In Italia di quell’episodio oggi si ricorda il fatto che fu Silvio Berlusconi, allora premier, a determinare il voltafaccia. In Germania invece si continua a pensare che responsabile ne fu semplicemente l’Italia, anche perché da allora tutti i governi seguiti a Berlusconi hanno omesso gran parte degli impegni. Quel passaggio del 2011 torna attuale nella mente della Merkel ora che, di nuovo, in Europa si parla di grandi compromessi. Interventi in Italia o in Francia per mettere le due economie in condizioni di competere, in cambio di un po’ di più pazienza a Bruxelles. Un taglio di spesa e di tasse sulle imprese, insieme a nuove regole sul lavoro, in contropartita a una certa tolleranza sul deficit e sul debito pubblico.

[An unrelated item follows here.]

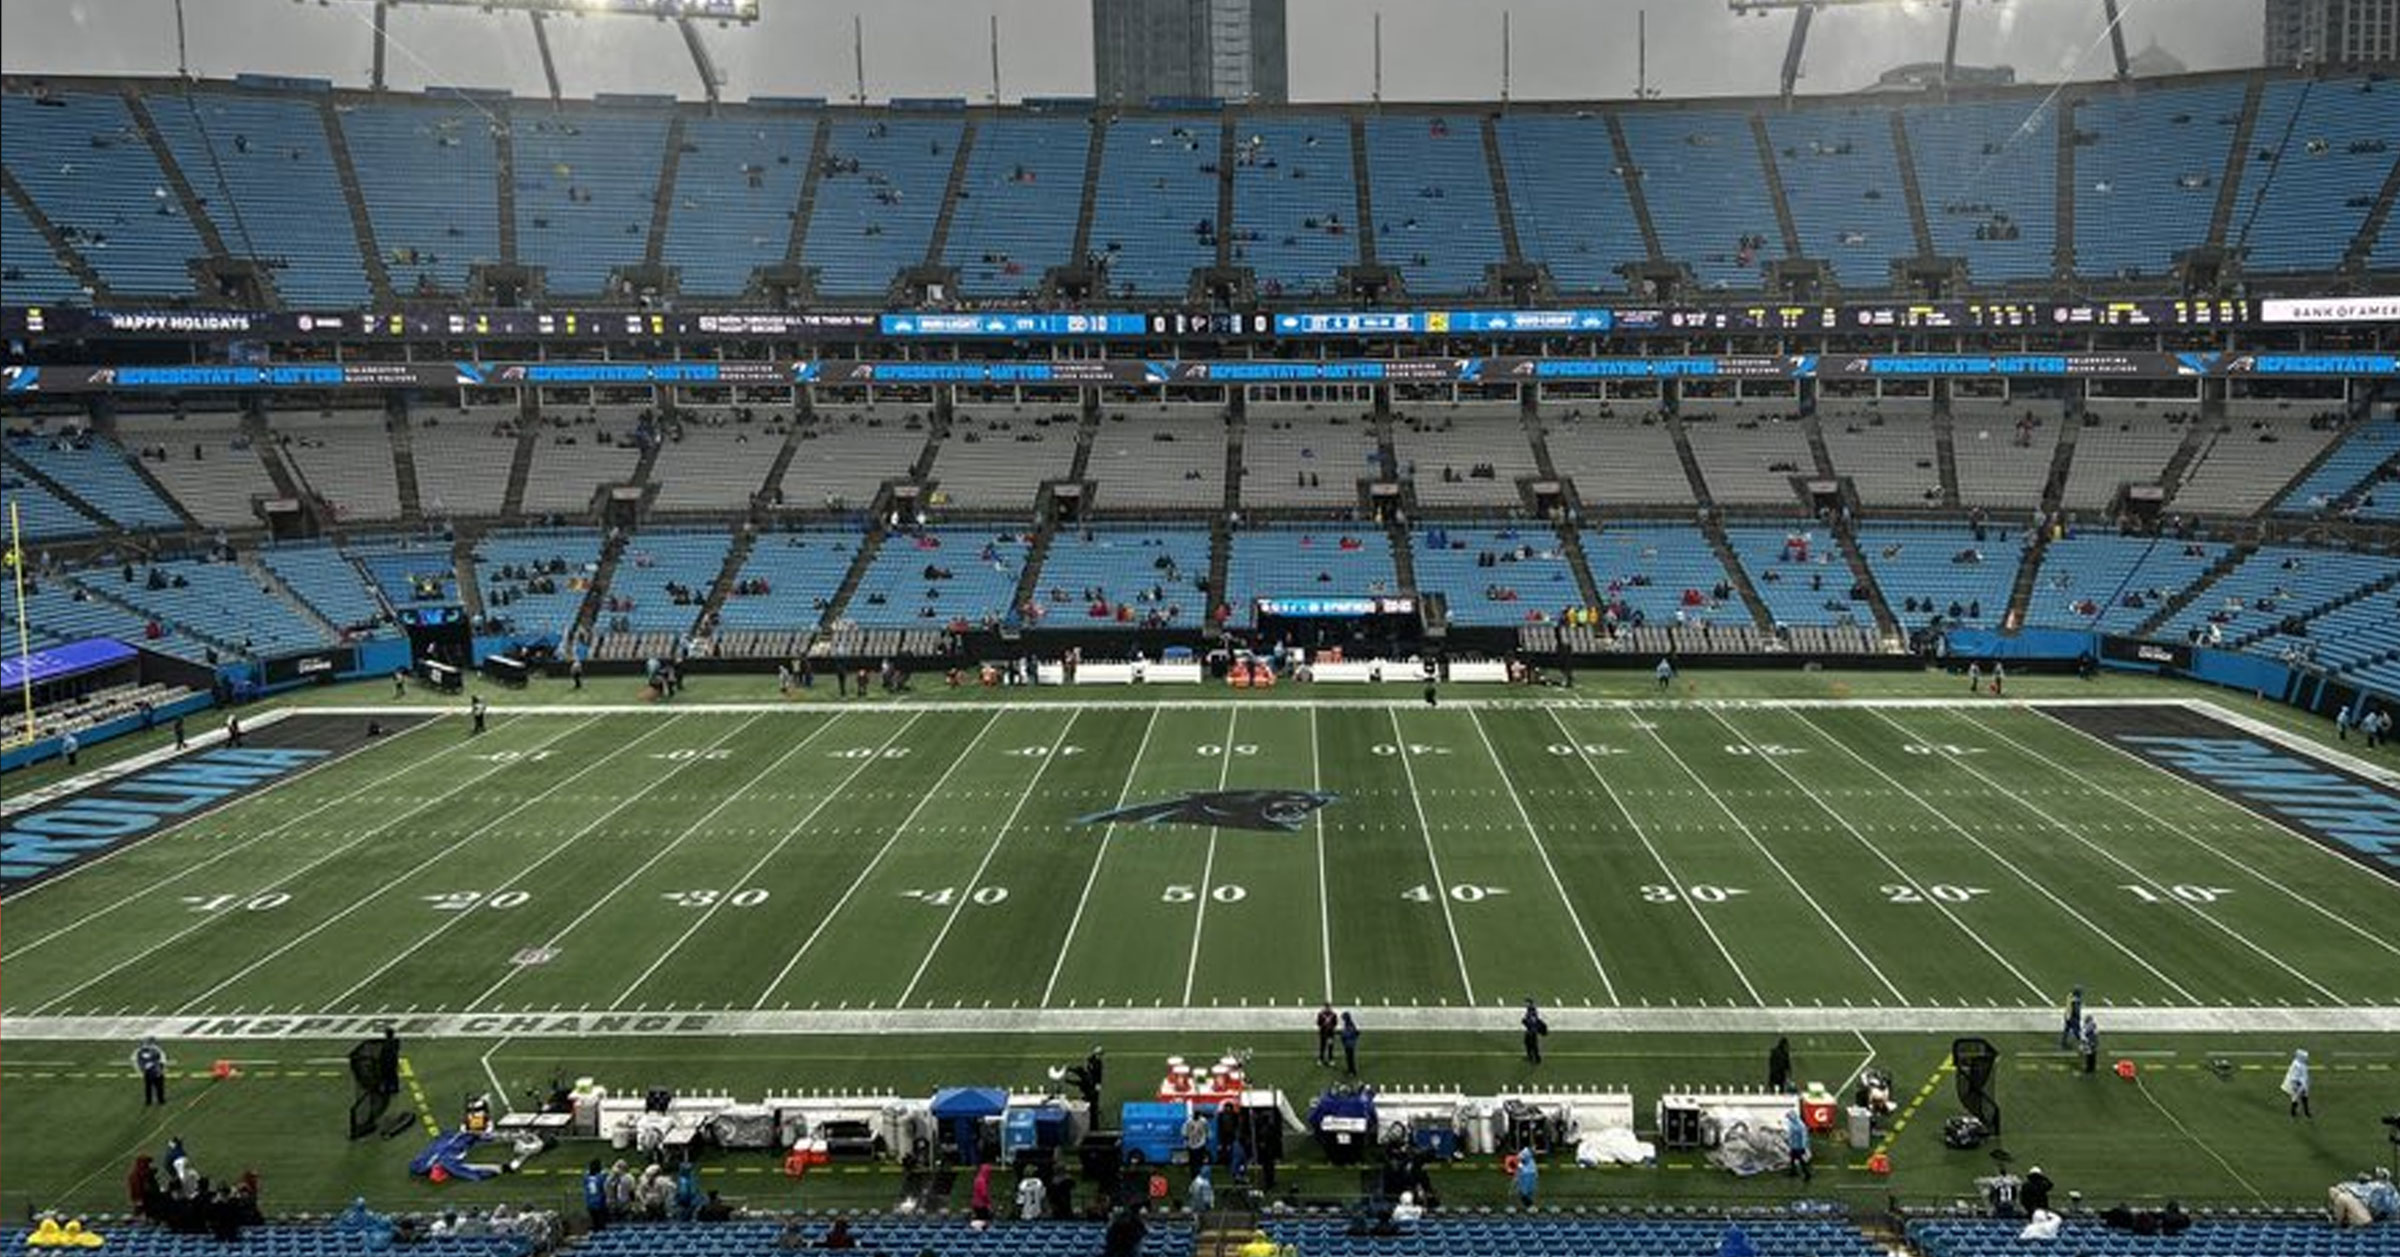 Carolina Panthers Stadium Minutes Before Kickoff Had About 100 Fans In

Varie versioni di proposte di questo tipo circolano fra i governi da almeno un anno. C’è però un dettaglio che passa quasi inosservato a Roma, mentre a Berlino resta la tessera centrale del mosaico: niente più concessioni all’Italia in cambio di impegni solenni o altri esercizi verbali. Qualunque accordo sulla “flessibilità”, cioè la speranza per l’Italia di non rischiare una multa e una sorveglianza stringente a Bruxelles, prevede prima i fatti. Precise riforme dell’economia approvate come leggi, tradotte in provvedimenti, applicate nella vita reale del Paese. Nient’altro basta ad avviare un negoziato in buona fede su come applicare il Fiscal Compact, cioè le regole di bilancio, in maniera meno burocratica. Forse perché in Italia sono cambiati quattro governi in meno di tre anni, spesso sfugge alla classe politica come l’erosione della credibilità in Europa oggi riguardi l’intero Paese: non il primo ministro di turno o quello appena sostituito da uno nuovo, forte o debole nei sondaggi che sia. È praticamente certo che di questi argomenti Merkel non parli esplicitamente con Draghi. Il canale di comunicazione diretta fra la cancelliera e il presidente della Bce da anni è aperto e funziona benissimo, fondato com’è sul rispetto dei rispettivi ruoli. Due anni fa, Draghi sapeva di avere l’as- senso di Merkel quando salvò l’Italia dal collasso annunciando che avrebbe fatto «qualunque cosa» per preservare l’euro. Anche oggi il banchiere centrale e la cancelliera la vedono in modo simile, almeno su un argomento: l’Italia, la sua stasi e la depressione in cui si dibatte da cinque anni. Entrambi vorrebbero vedere subito progressi nelle norme sul lavoro e nel taglio fiscale al costo di fare impresa, perché nel frattempo il Paese sta restando indietro anche rispetto alle economie più fragili o ai suoi stessi alleati.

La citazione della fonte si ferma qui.